Figure 6: Train reward curve for Text-to-SQL task.

  • Retrieval-Augmented Generation (OpenAI Agents SDK, MuSiQue): Single-agent RAG with large-scale Wikipedia retrieval. The framework supports open-ended query generation and multi-hop reasoning, with reward curves indicating robust learning. Figure 7

Figure 7

Figure 7: Train reward curve for Retrieval-Augmented Generation task.

  • Math QA with Tool Usage (AutoGen, Calc-X): Tool-augmented reasoning with calculator invocation. LightningRL facilitates precise tool integration and reasoning, with consistent reward gains. Figure 8

Figure 8

Figure 8: Train reward curve for Calculator task.

Across all tasks, Agent Lightning achieves stable training dynamics, efficient credit assignment, and scalable optimization, validating its applicability to diverse agentic scenarios.

Agent Lightning advances the state of the art in agentic RL by:

  • Decoupling RL training from agent logic: Unlike verl, OpenRLHF, TRL, and ROLL, which require agent re-implementation or tight coupling, Agent Lightning enables zero-modification integration with existing agents.
  • Transition-based modeling: Surpasses concatenation/masking approaches (e.g., RAGEN, Trinity-RFT, rLLM, Search-R1) by supporting arbitrary workflows, alleviating context length issues, and enabling hierarchical RL.
  • Extensibility: Supports multi-agent, multi-LLM, and tool-augmented scenarios, with future directions including prompt optimization, advanced credit assignment, and scalable serving.
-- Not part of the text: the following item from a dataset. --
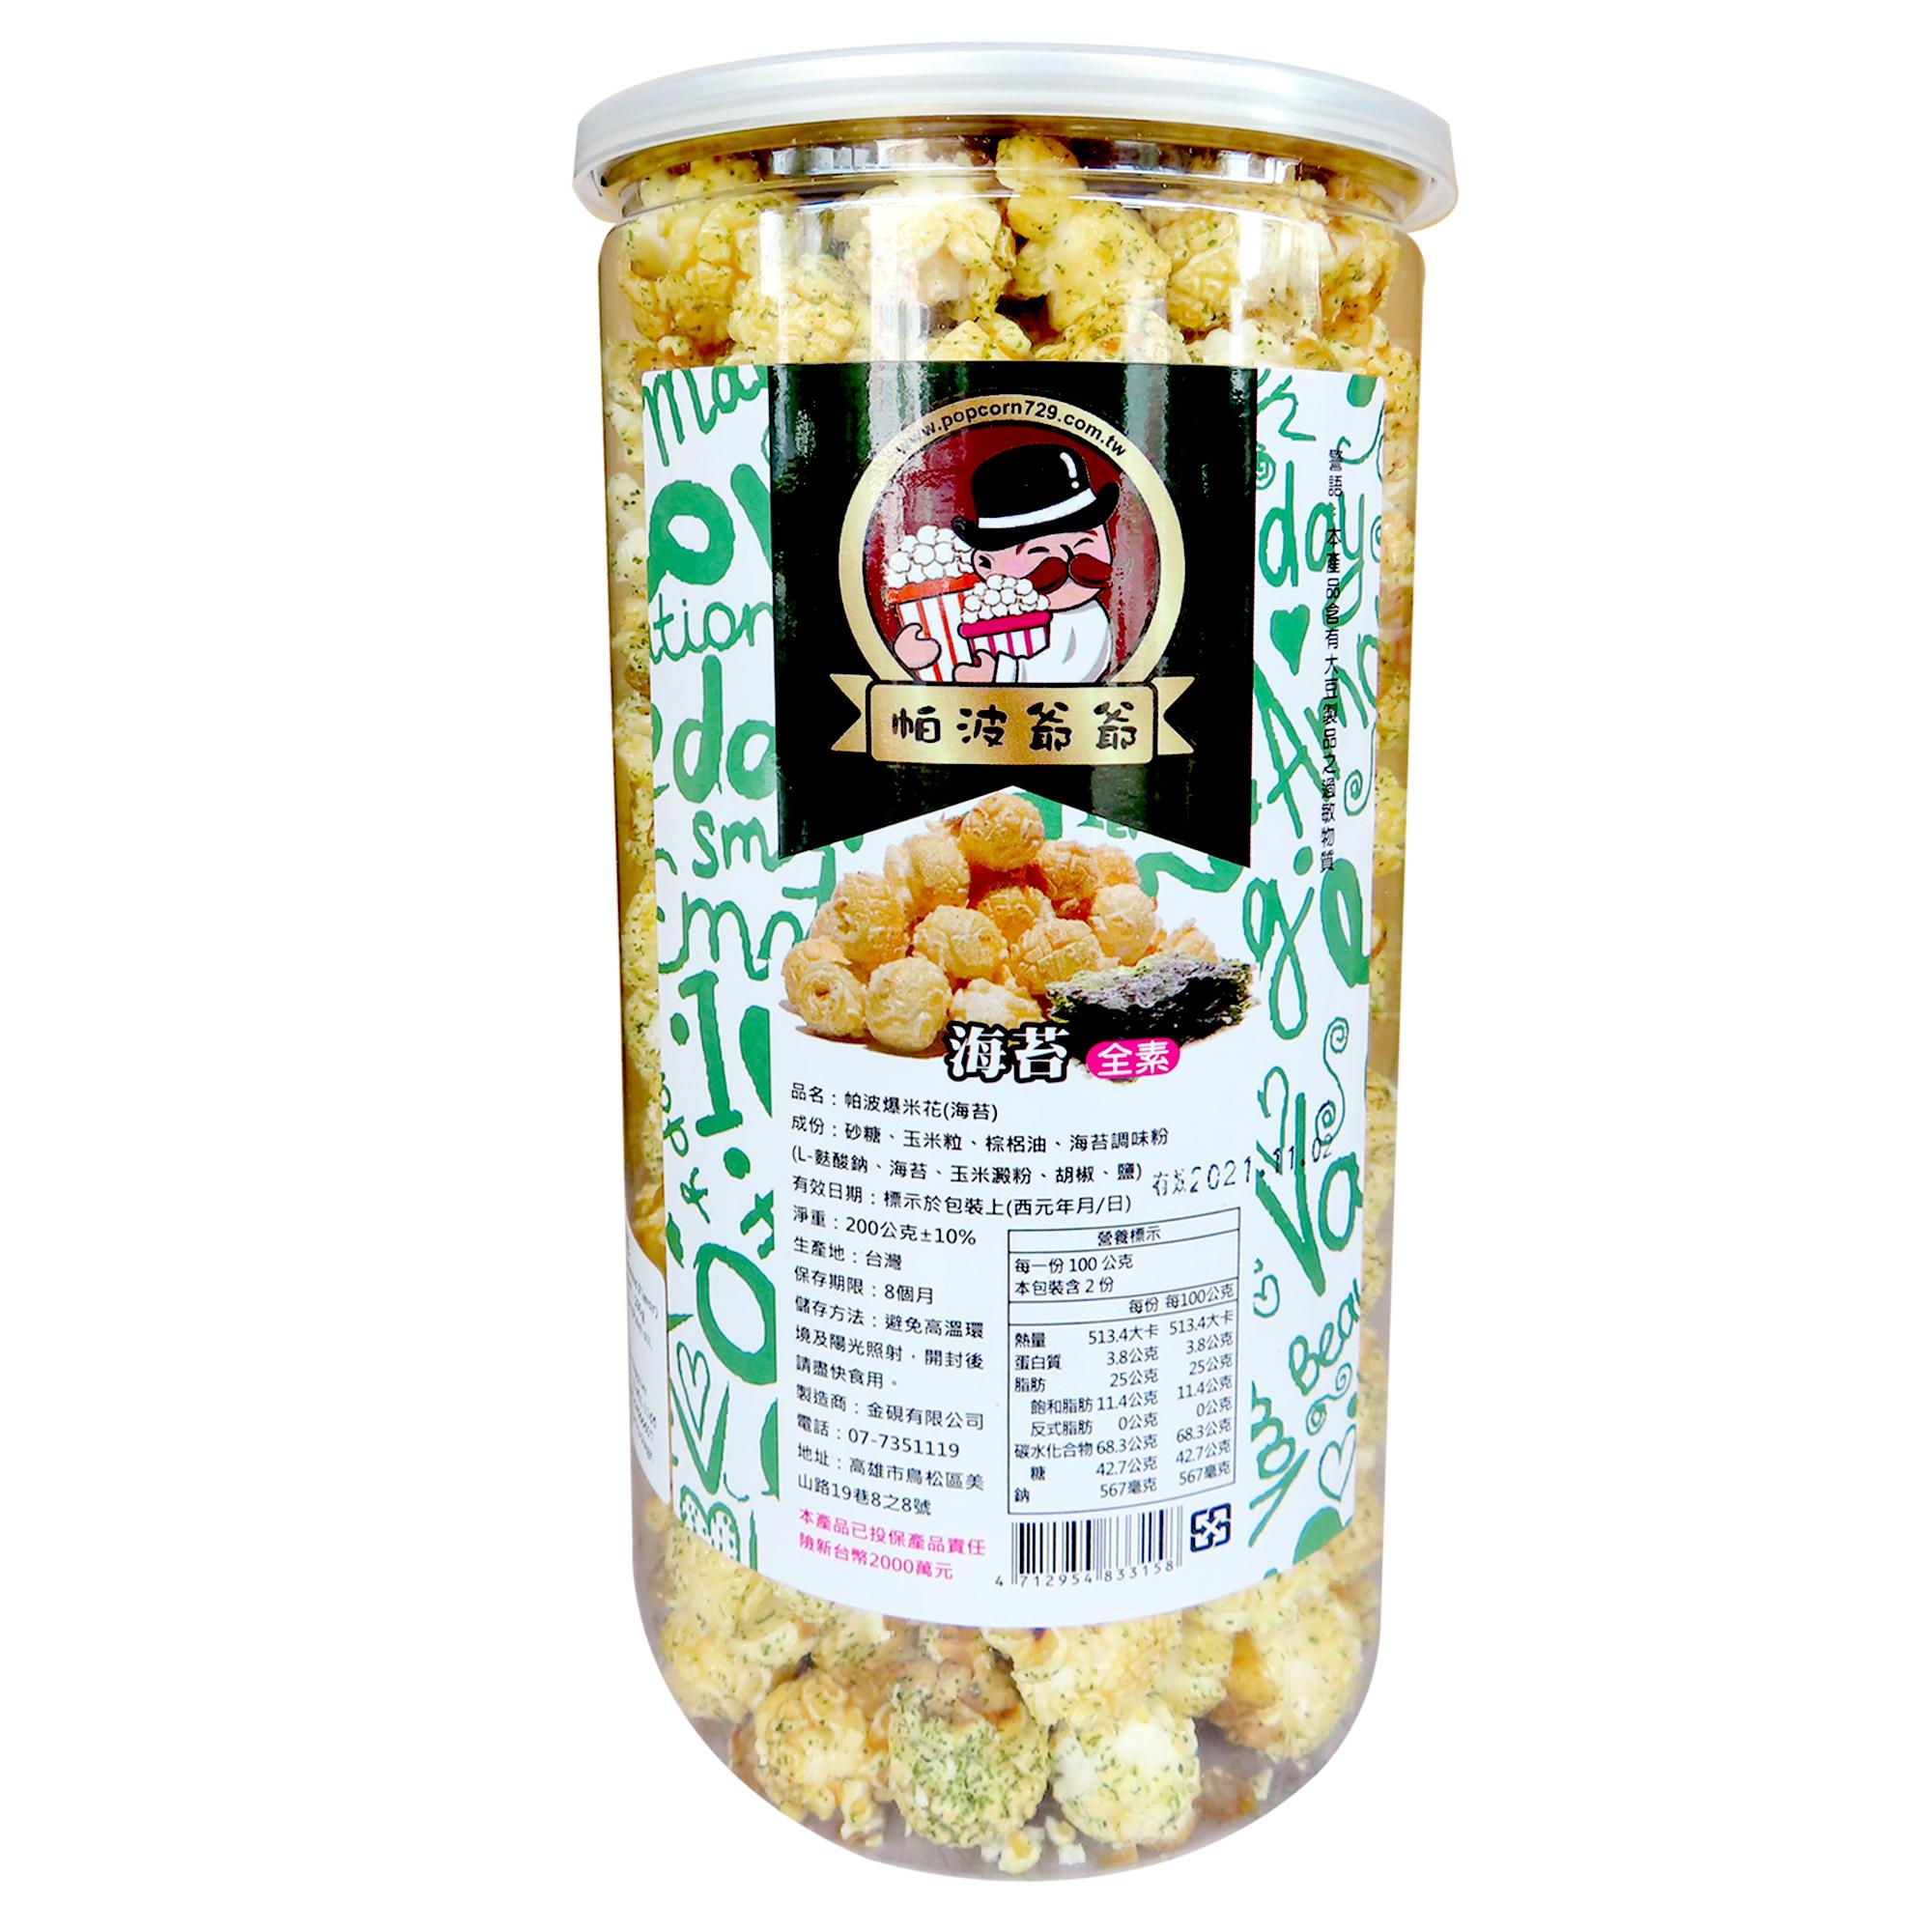 Image Papo Popcorn Seaweed 金砚-海苔爆米花 200grams

Implications and Future Directions

Agent Lightning's unified framework has significant implications for both practical deployment and theoretical research:

  • Scalable agent optimization: Facilitates large-scale RL training for heterogeneous agents, lowering barriers for real-world adoption.
  • Algorithmic innovation: Transition-based modeling unlocks hierarchical RL, advanced exploration, and off-policy methods for complex agentic tasks.
  • System co-design: Disaggregated architecture enables efficient resource utilization, robust error handling, and flexible environment integration.
  • Generalization: The unified data interface and MDP abstraction provide a foundation for future research in agentic RL, multi-agent coordination, and tool-augmented reasoning.

Potential future developments include integration with advanced serving frameworks (e.g., Parrot), long-context acceleration (e.g., Minference), and serverless environment orchestration.

Conclusion

Agent Lightning presents a principled, extensible framework for RL-based training of arbitrary AI agents, achieving full decoupling between agent execution and RL optimization. Through unified data modeling, hierarchical RL algorithms, and scalable system architecture, it enables robust, efficient, and generalizable agent training across diverse workflows and environments. The empirical results substantiate its effectiveness, and its design lays the groundwork for future advances in agentic RL, scalable deployment, and algorithmic innovation.